Problem to solve: Please set down the data word for word; images do not go in the copy.

Source data:
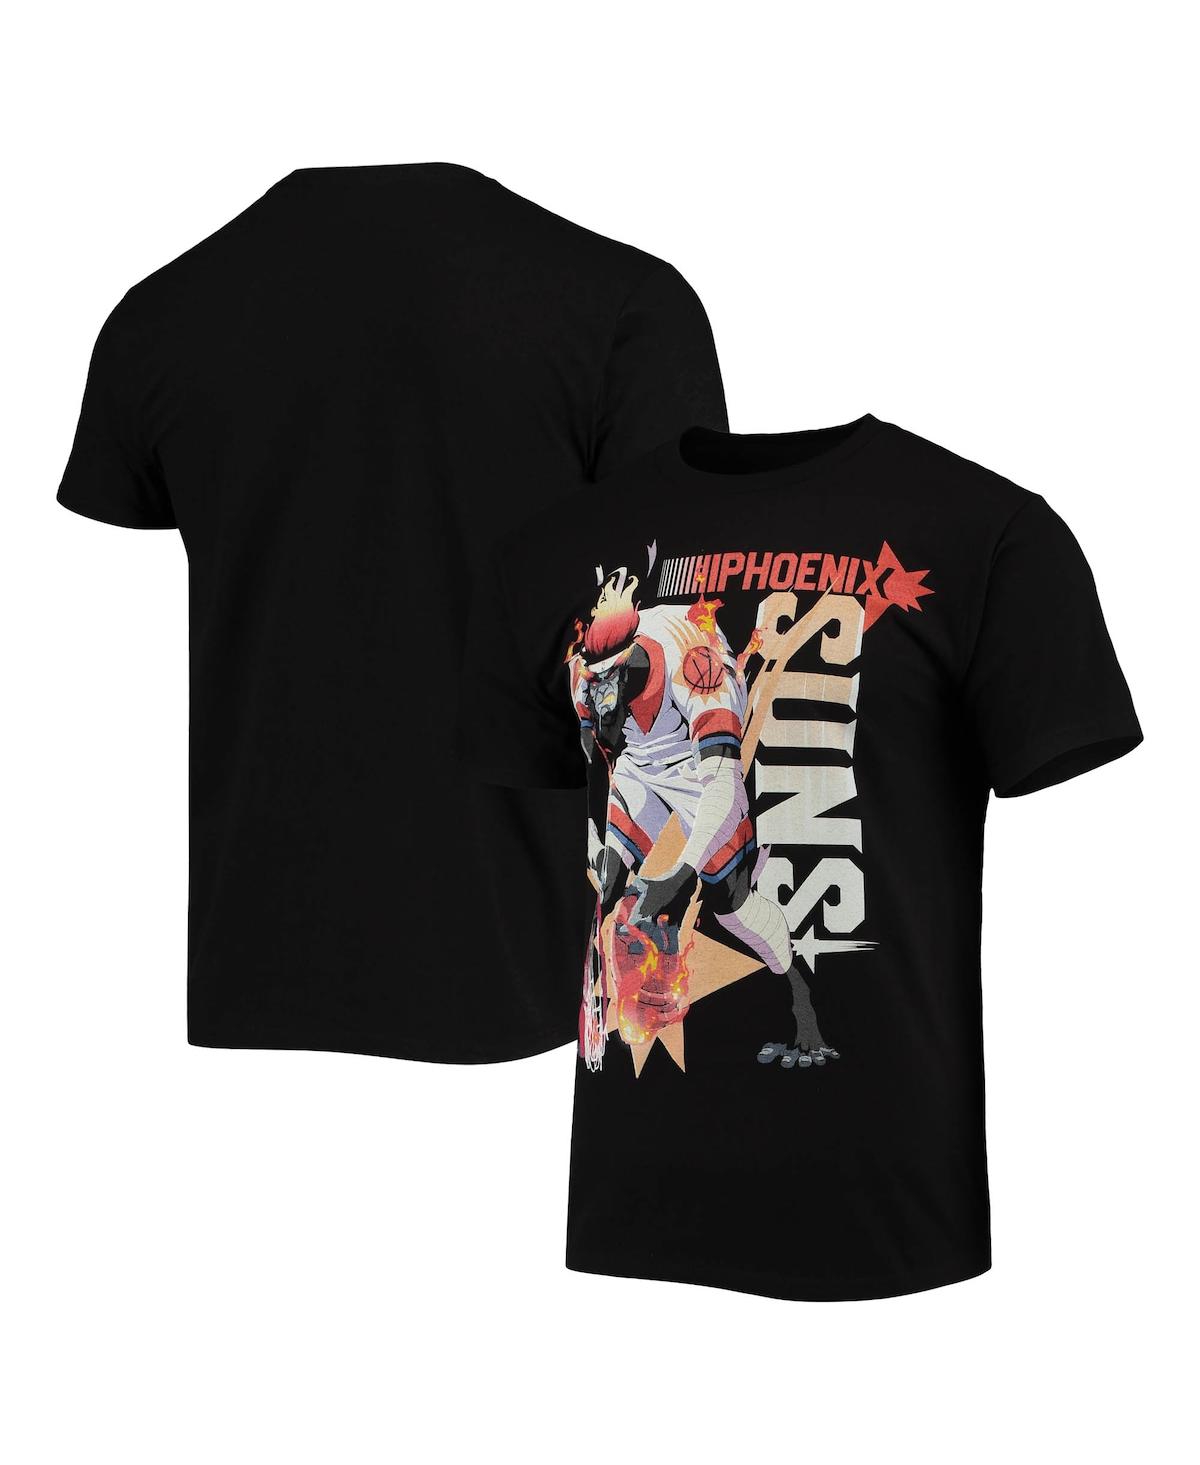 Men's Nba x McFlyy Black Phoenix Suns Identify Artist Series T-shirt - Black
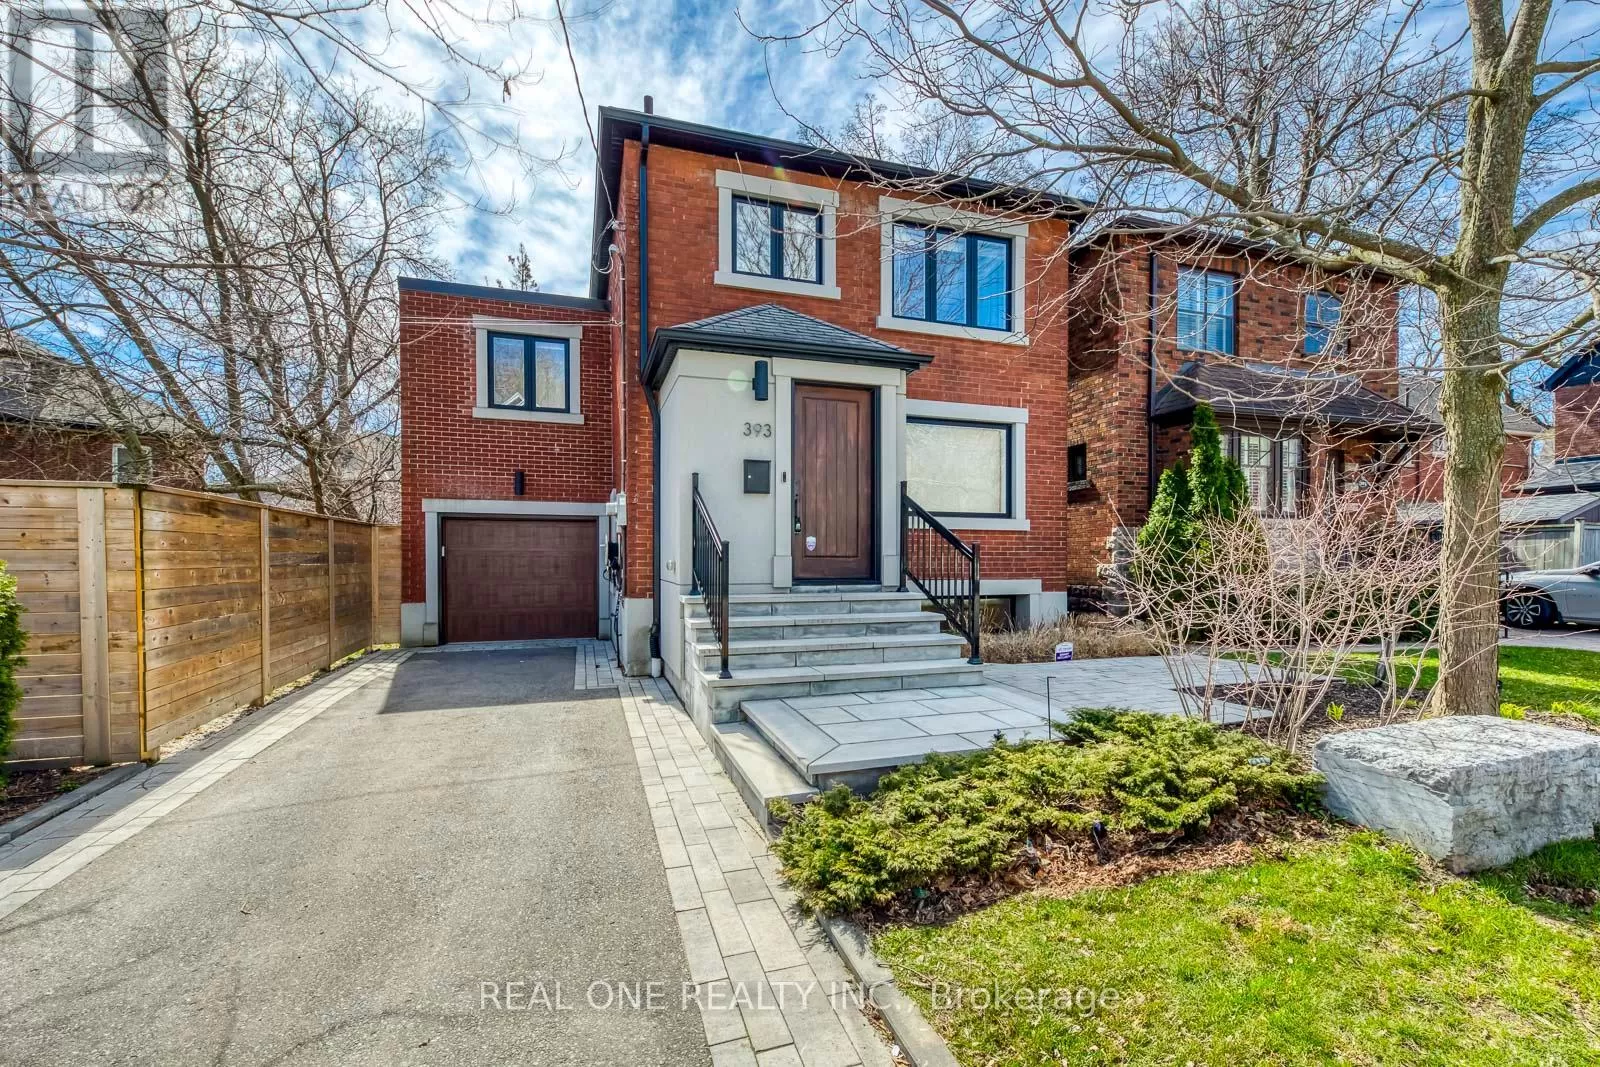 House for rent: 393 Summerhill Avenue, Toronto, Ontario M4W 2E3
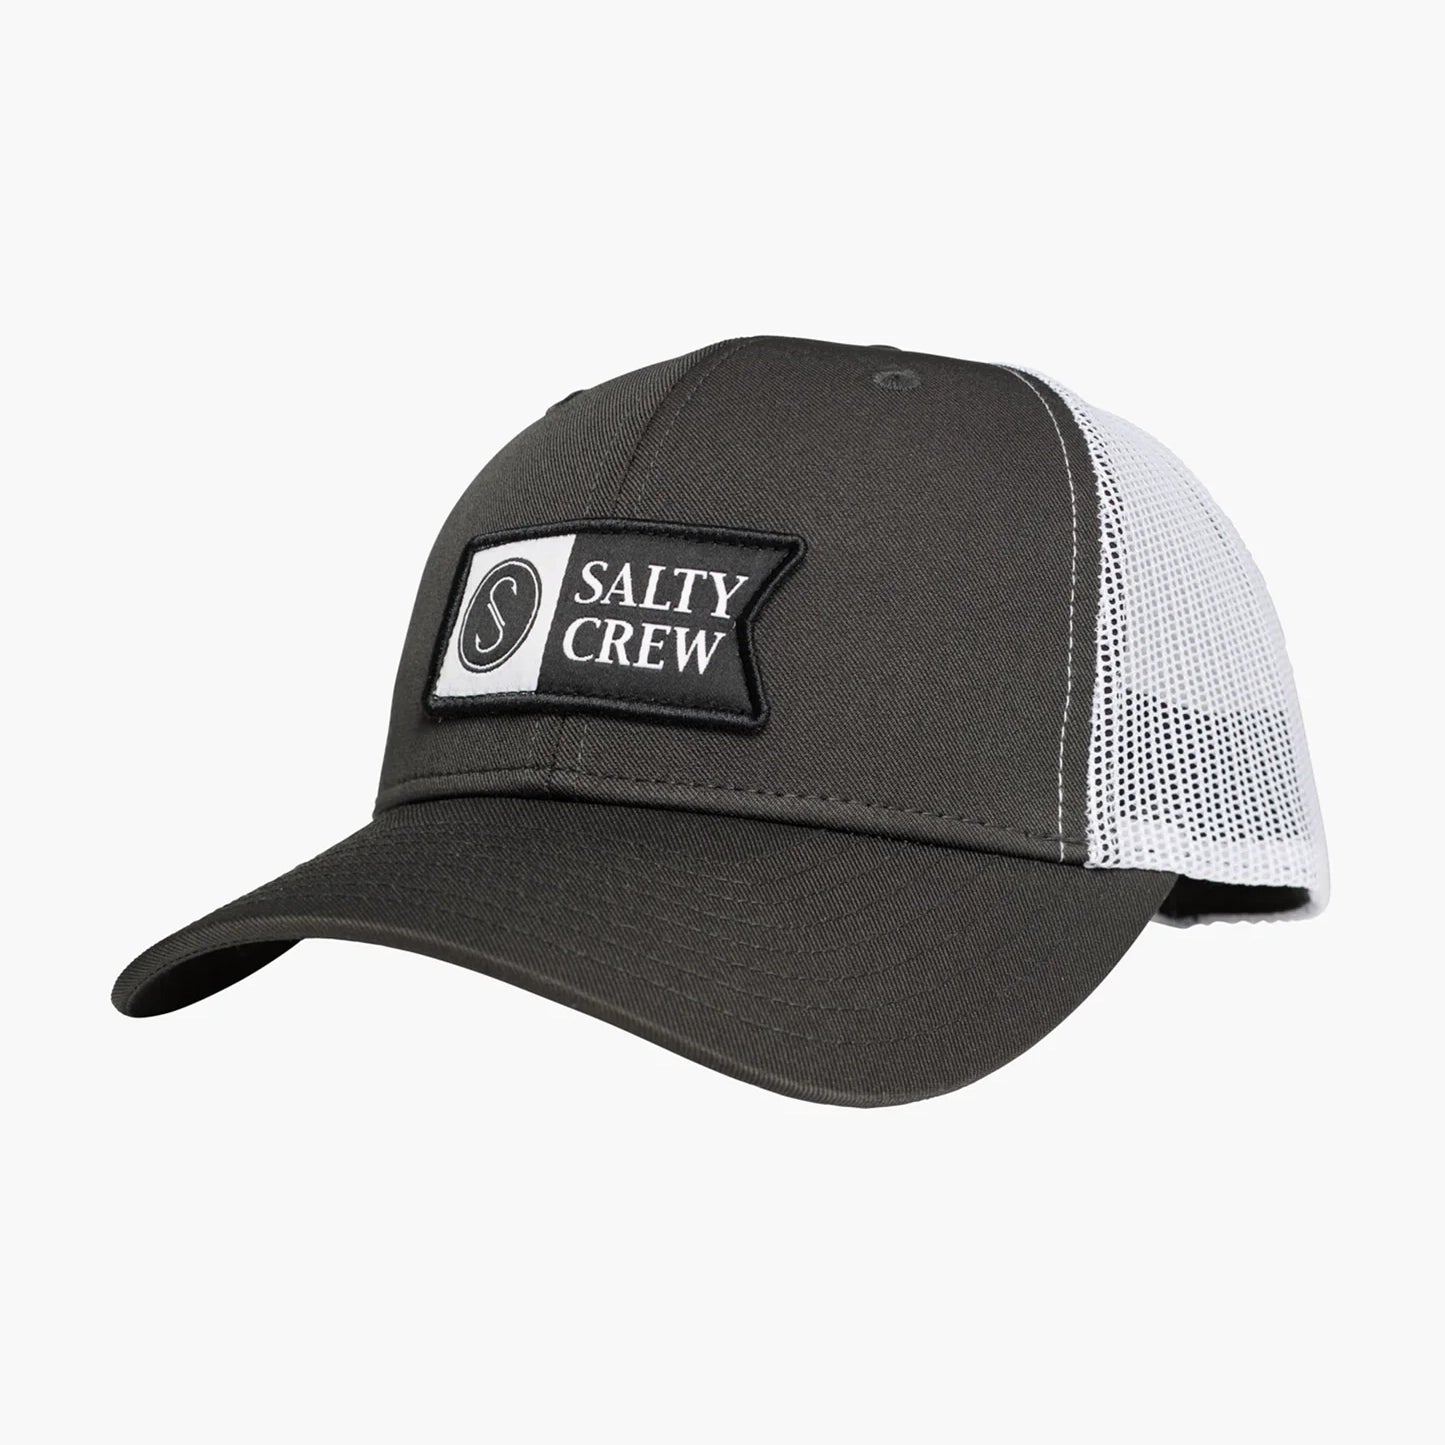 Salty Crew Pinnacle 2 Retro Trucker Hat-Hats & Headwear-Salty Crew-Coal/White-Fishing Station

Task response:
 Men's Nba x McFlyy Black Phoenix Suns Identify Artist Series T-shirt - Black
 House for rent: 393 Summerhill Avenue, Toronto, Ontario M4W 2E3
 Salty Crew Pinnacle 2 Retro Trucker Hat-Hats & Headwear-Salty Crew-Coal/White-Fishing Station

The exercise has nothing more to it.